* **Assignment**:
Copy the data below exactly. Any pictures in it should be omitted.

━━━ Collected material ━━━

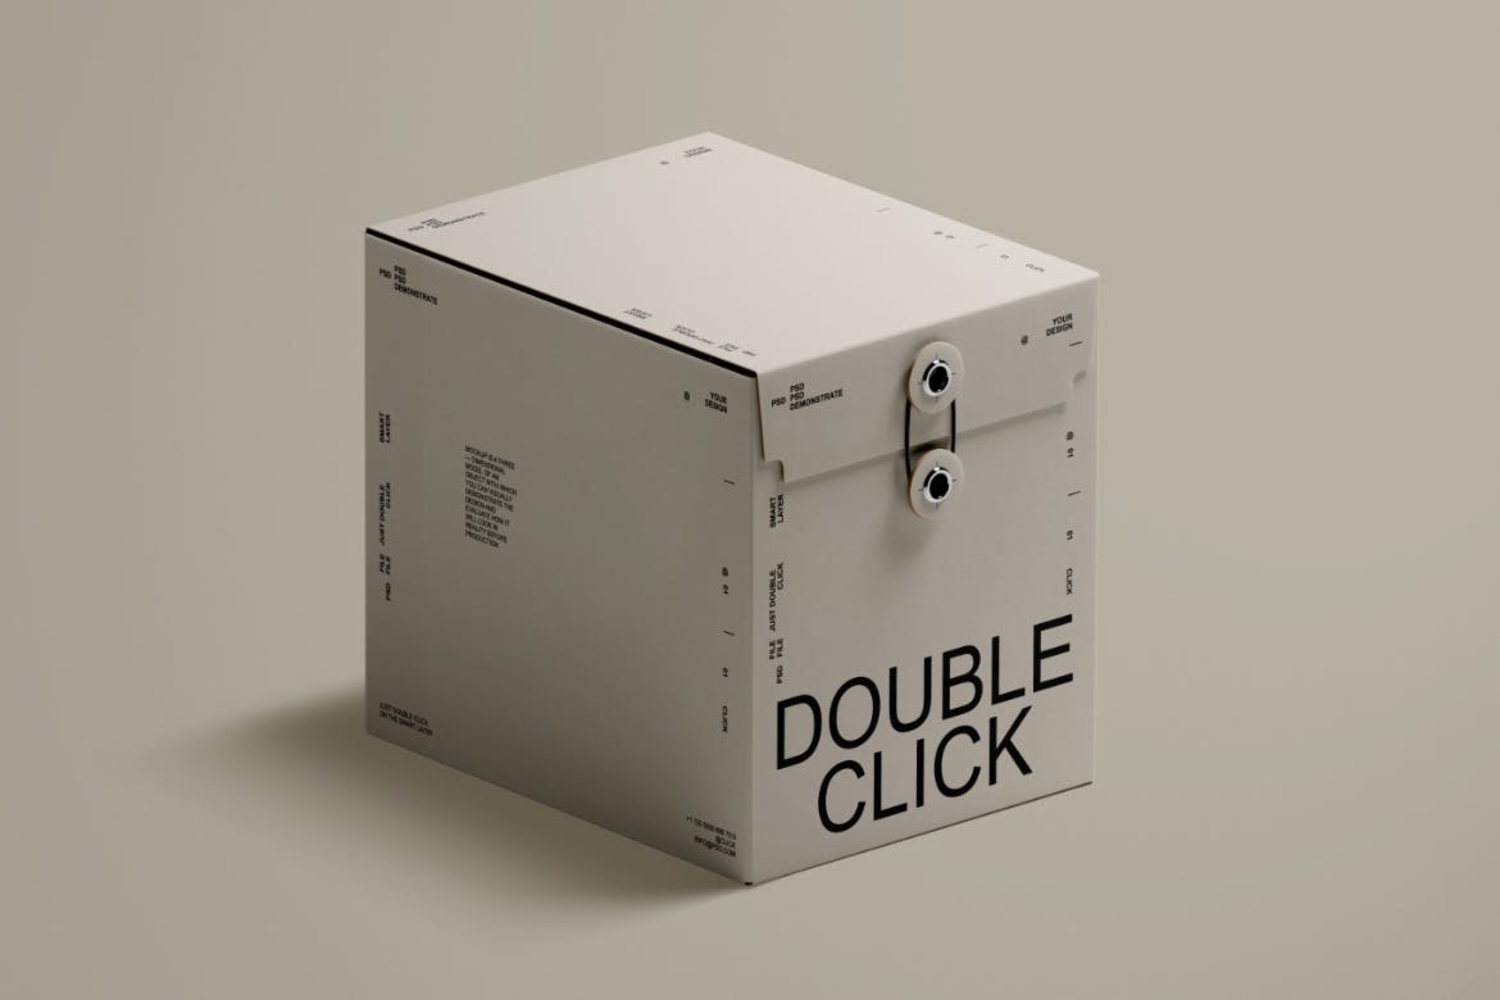 4802 5款正方形质感礼品盒纸盒包装盒设计展示PSD样机Paper Box Mockup Set@GOOODME.COM
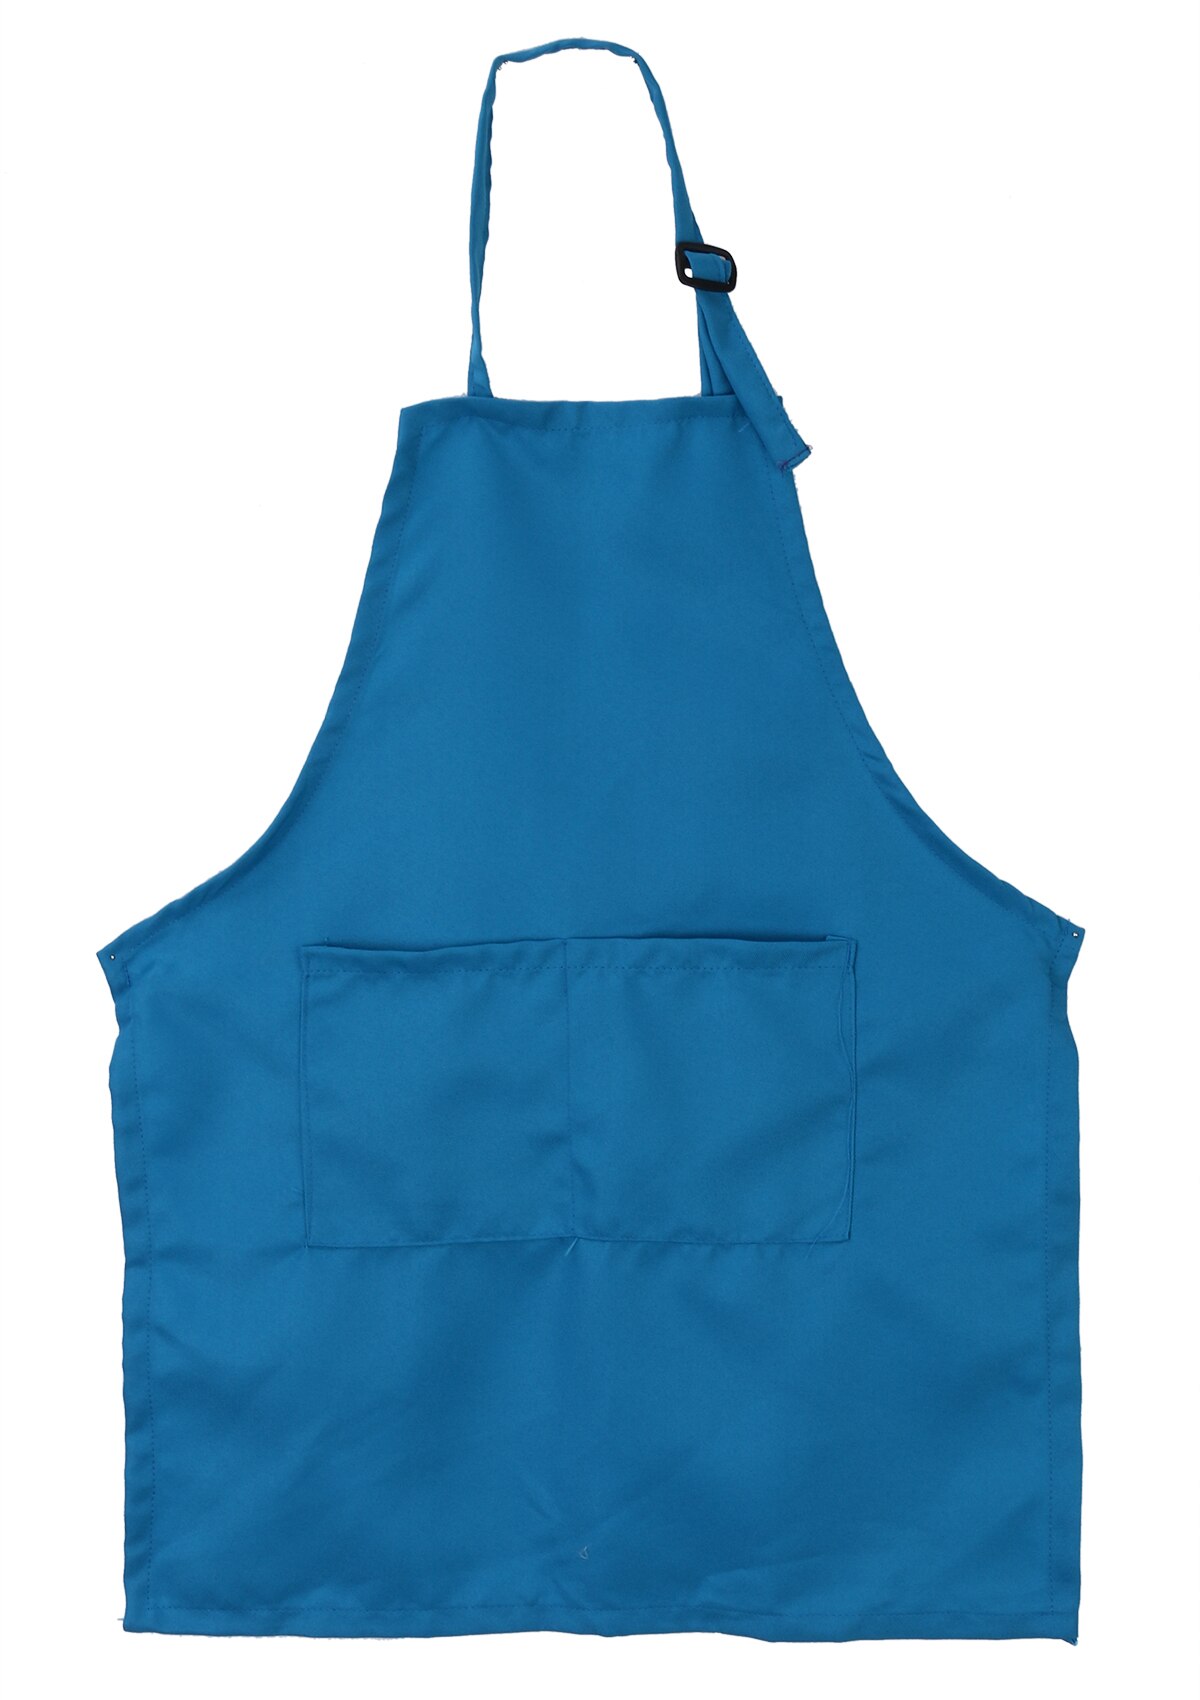 Børn børn fast almindeligt forklæde køkken madlavning bagning maleri madlavning kunst bib forklæde: Blå
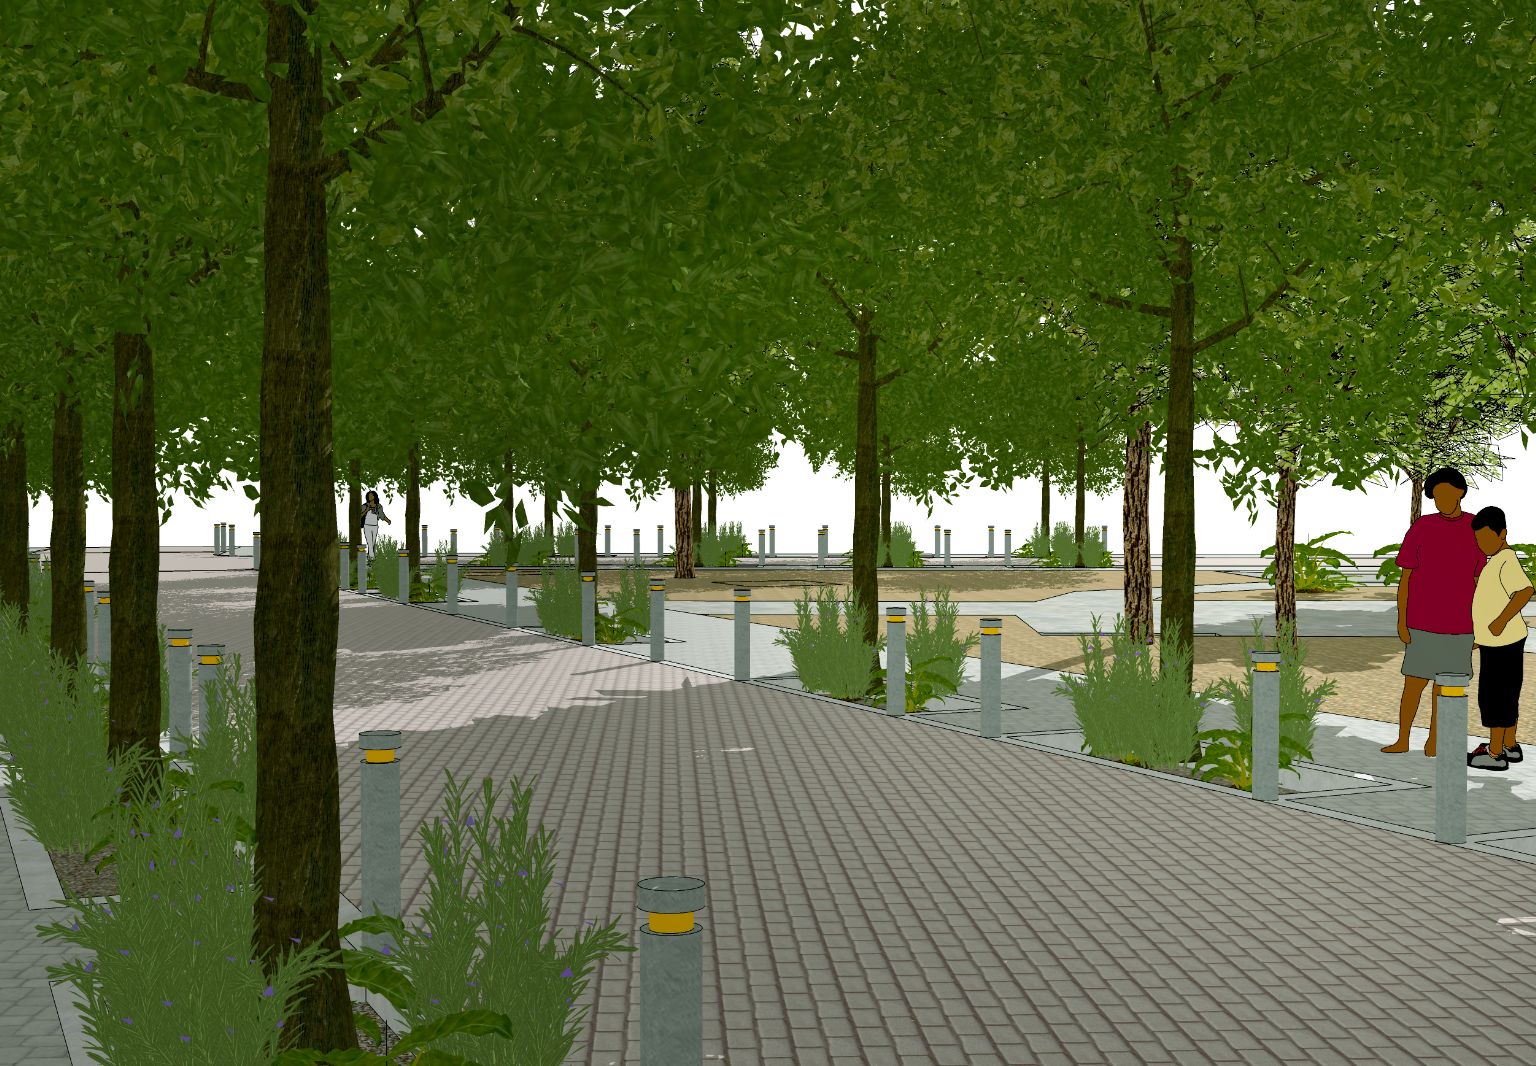 Grafik: Vision eines offenen Platzes mit vielen Bäumen. Zwei Menschen stehen im Schatten.

━━━

* **Your solution**:
 4802 5款正方形质感礼品盒纸盒包装盒设计展示PSD样机Paper Box Mockup Set@GOOODME.COM
 Børn børn fast almindeligt forklæde køkken madlavning bagning maleri madlavning kunst bib forklæde: Blå
 Grafik: Vision eines offenen Platzes mit vielen Bäumen. Zwei Menschen stehen im Schatten.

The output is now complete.